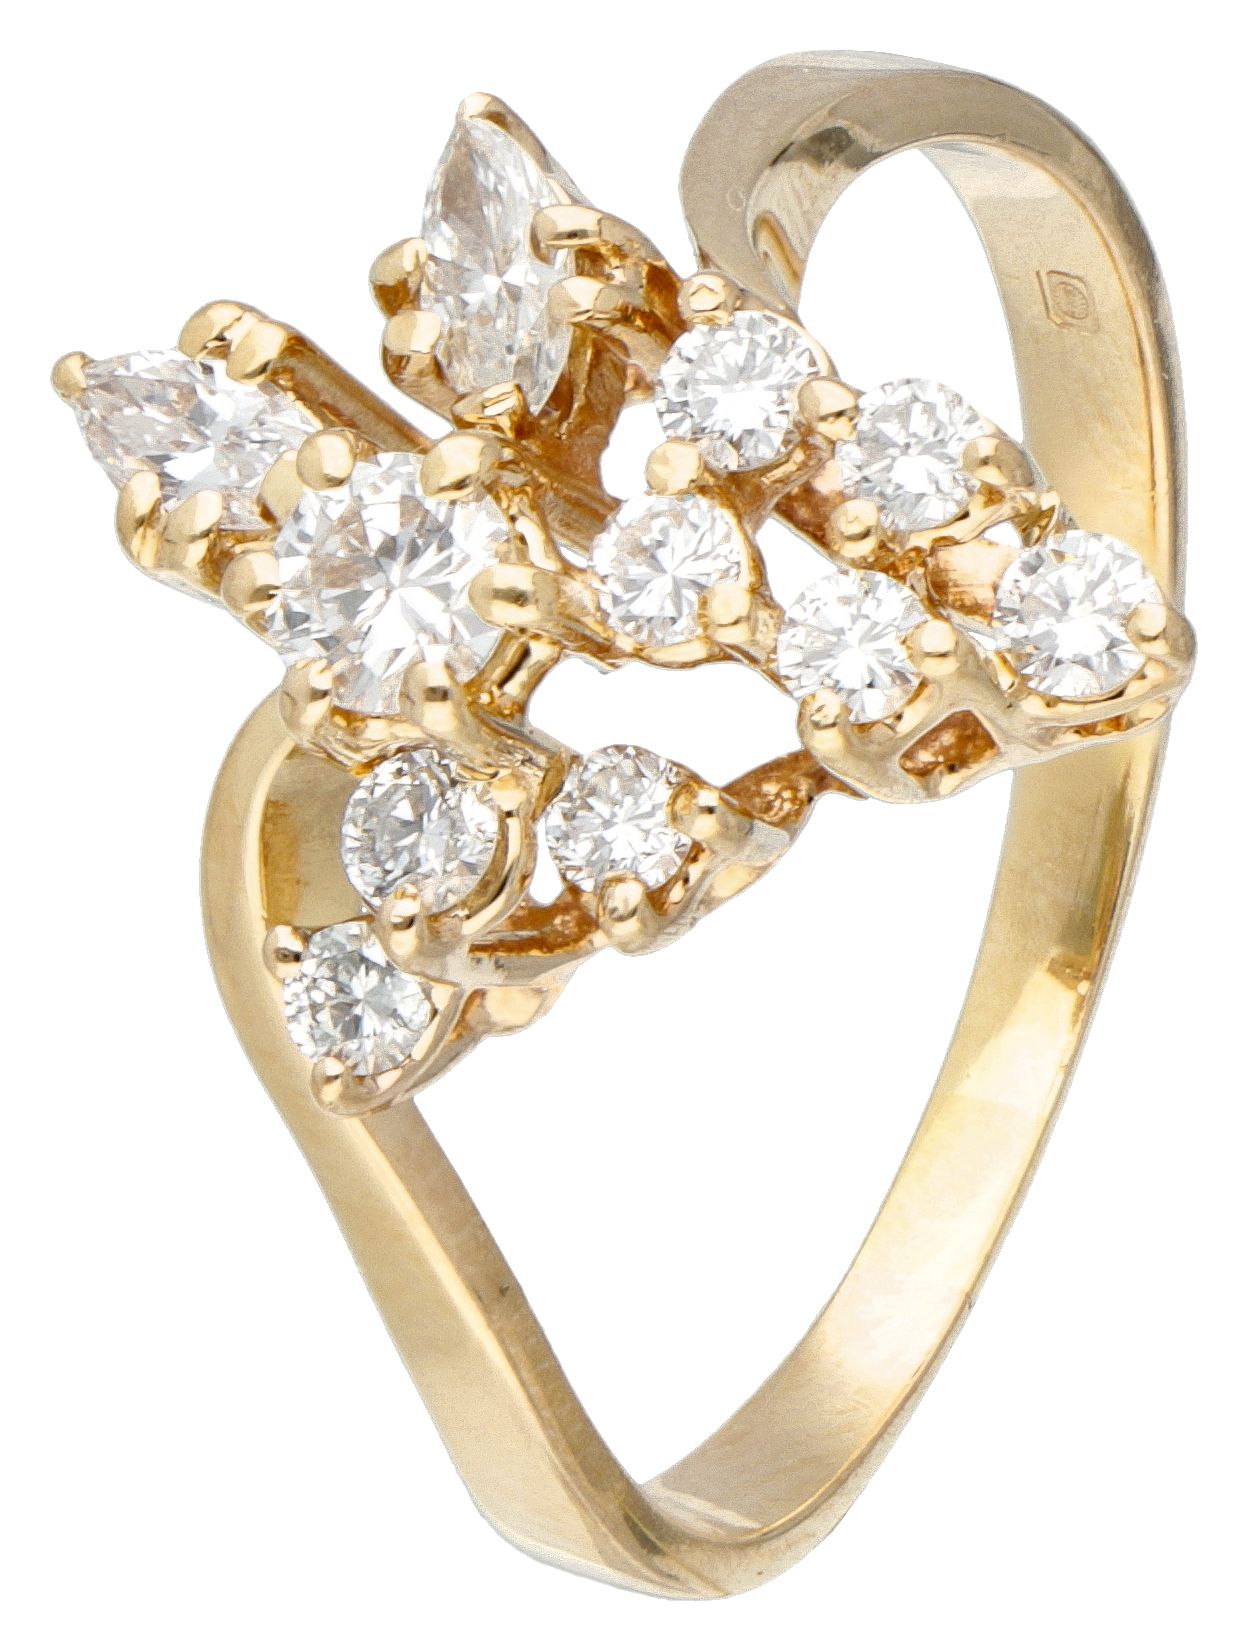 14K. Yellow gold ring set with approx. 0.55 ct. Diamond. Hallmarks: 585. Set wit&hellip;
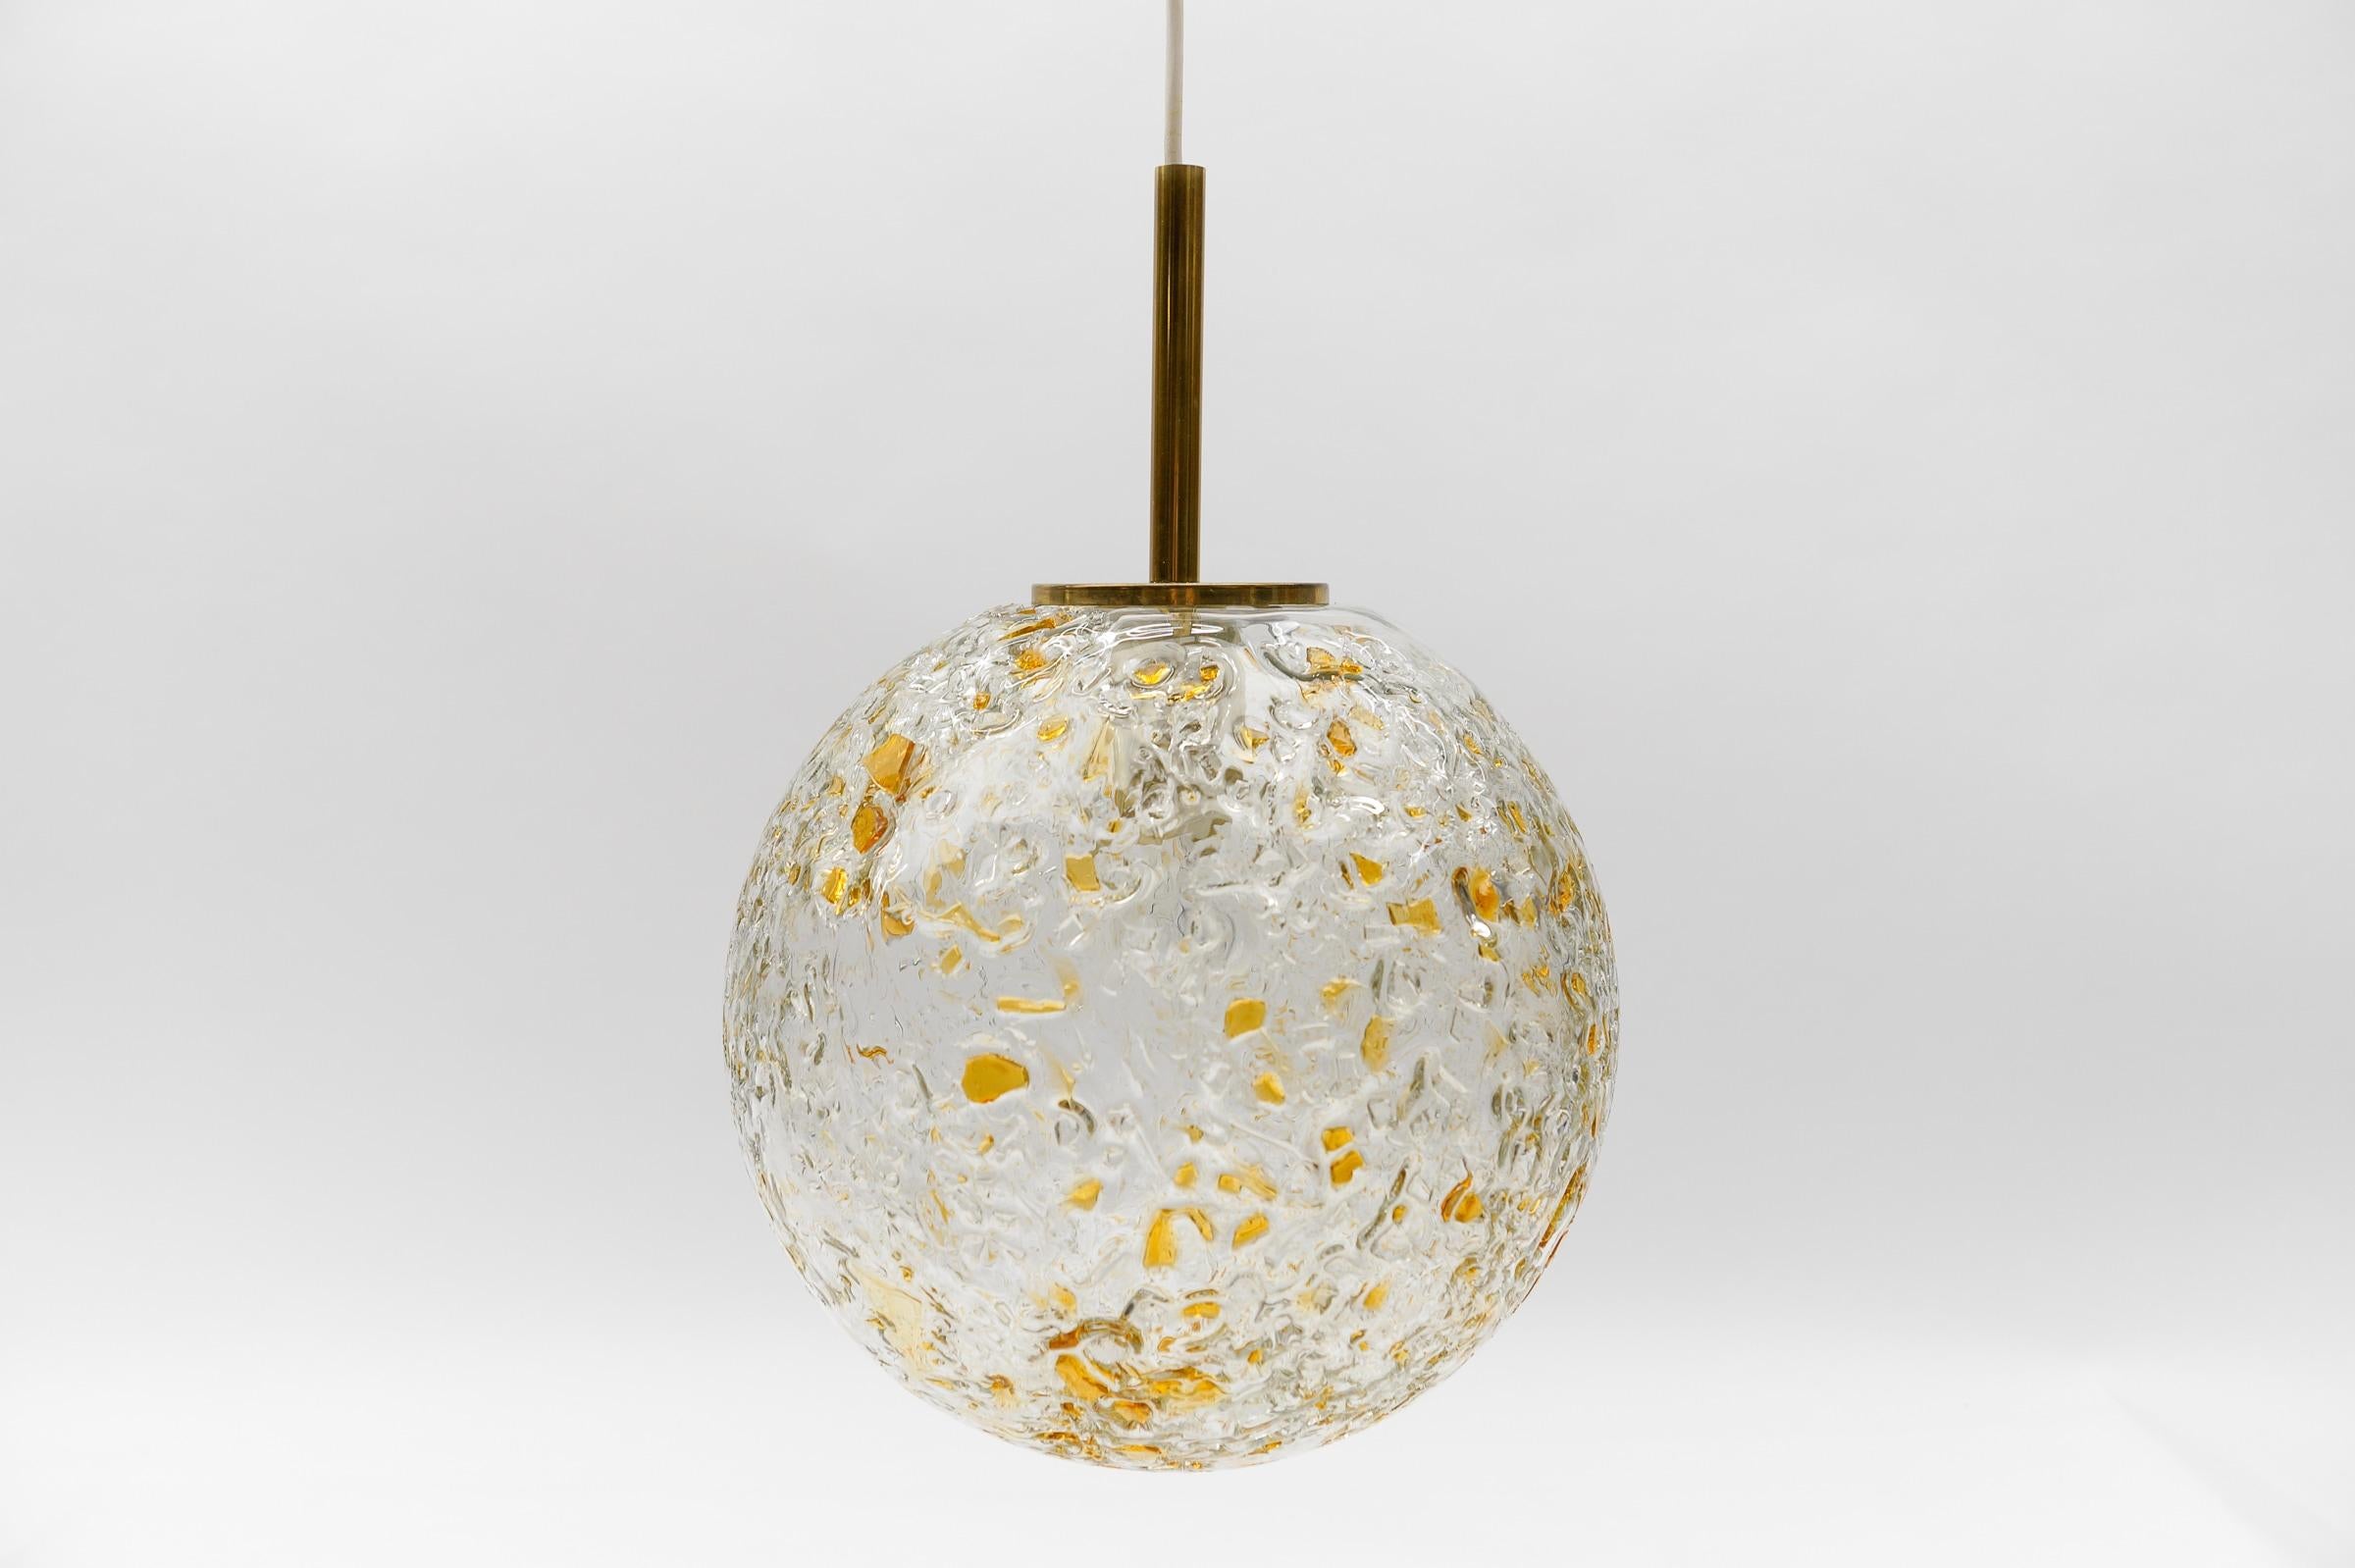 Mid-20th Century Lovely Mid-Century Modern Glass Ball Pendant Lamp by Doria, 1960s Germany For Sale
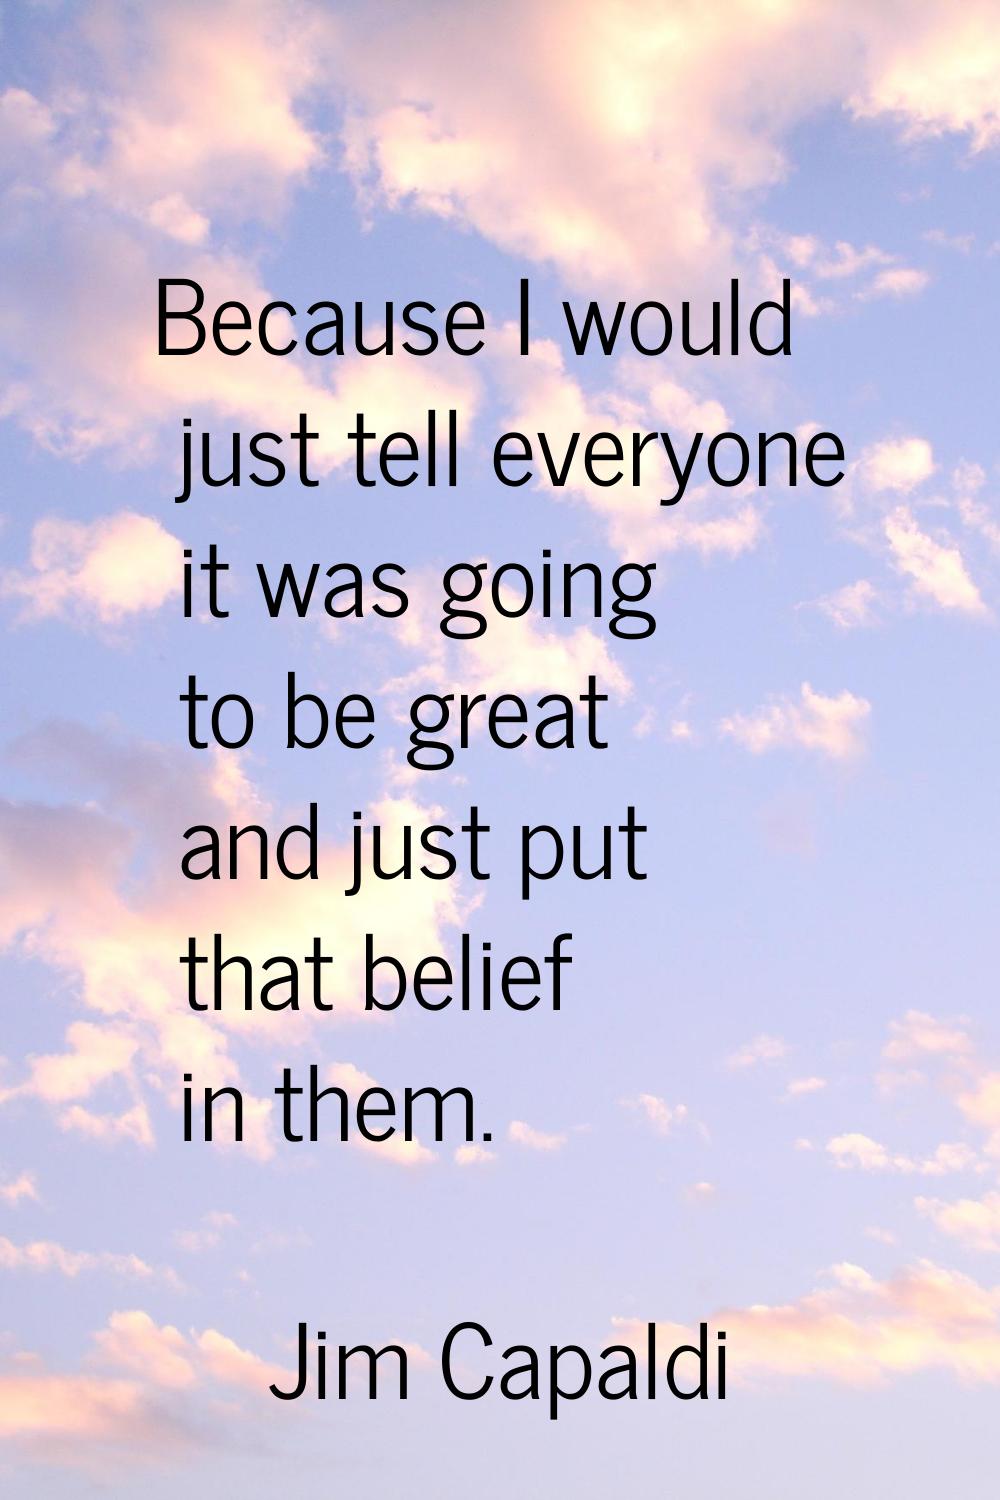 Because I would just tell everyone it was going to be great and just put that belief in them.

§ Task
With the images excluded, reproduce the data above precisely as written.

§ Final answer
 14K. Yellow gold ring set with approx. 0.55 ct. Diamond. Hallmarks: 585. Set wit&hellip;
 Mid-20th Century Lovely Mid-Century Modern Glass Ball Pendant Lamp by Doria, 1960s Germany For Sale
 Because I would just tell everyone it was going to be great and just put that belief in them.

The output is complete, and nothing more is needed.